A woman determined to stay off the national electricity grid continues to spark debate.
Kim Webby, a Housing NZ tenant in Waimea St, New Plymouth, has been using her own petrol-powered generator to run her home for nearly five months.
But her move to remain independent has resulted in her clashing with some of her neighbours who want it gone.
The feud has now spilled over into the realms of the regulatory bodies, Housing NZ and the New Plymouth District Council.
A month ago, Housing NZ threatened her with eviction and the council has slapped her with two $500 infringement notices.
Both organisations' representatives spoke yesterday of their wish to work things out with her. Both agree that the use of a generator is legal - but only as long as it is safe and not upsetting neighbours.
Webby says the situation to date is "pretty much status quo".
"I'm waiting for the Housing Corp and district council to deliver their verdicts," she says.
She believes the electrician sent in to check the generator went away happy that it complied.
But Housing NZ bosses do not agree. In a statement to the paper yesterday, regional manager Darren Toy said while the corporation did not object to a tenant having a generator, it was concerned about safety and noise.
"In this case we've been told by an independent contractor that the generator is a fire and health and safety risk," Toy said.
"We're still working with Ms Webby to find a solution. We and the local council have also received complaints about the noise. We have an obligation to the community to ensure tenants don't disturb the peace and quiet of their neighbours," Toy said.

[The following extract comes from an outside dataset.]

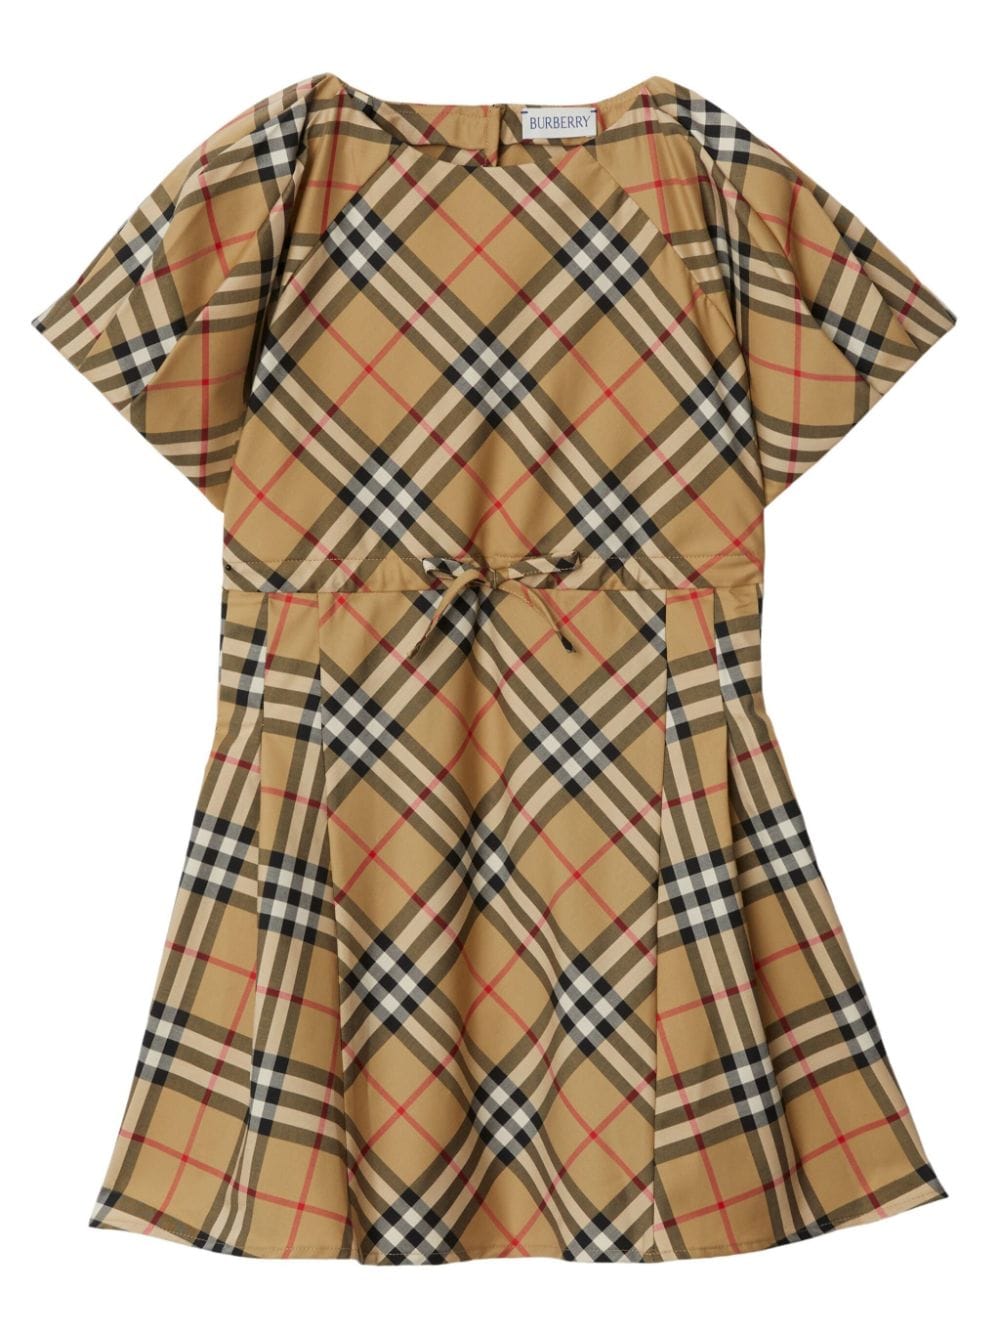 Checked pleated minidress<BR/><BR/><BR/>

Council customer and regulatory services manager Mary-Anne Priest said Webby had now been issued with three notices for excessive noise, totalling $1000.
To date the council had received 30 complaints from two separate neighbours. "What we have been doing is working with her and her neighbours ... to come to an amicable solution".
In the daytime, the generator complied with decibel levels but did not comply at night. The bylaws allow daytime levels of 50 while the limit at night is 40.
"We are endeavouring to work with her to reduce the noise. And it's not just about meeting the noise levels, it's about the annoyance factor [and] it's about the quality of life. People do have different perceptions."
Generators emitted quite a loud hum, Priest said. She admired what Webby was doing in taking the initiative in not wanting to be on the national grid but others' quality of life must also be taken into consideration.
If the situation continued, the next step would be an abatement notice to require her to stop using it, Priest said.
"We do have the power to confiscate it. But Kim is co-operating. She understands it is in everyone's best interest to get it sorted."
It was not the first complaint about noisy generators the council had dealt with but others were being used within businesses and received fines for excessive noise, Priest said.
Webby said about six weeks ago, a neighbour told her to stop using it. "He tried to bully me because he didn't like it." She tried to work things out with him but there was "no way in hell" he would back down. "His insistence is bordering on harassment.
"At the end of the day he did not like the generator. And I'd been using it a couple of months before anyone said boo," Webby said. Her ultimate plan was to have a battery bank so the generator would only be used a couple of hours a day. She would be appealing against the infringement notices.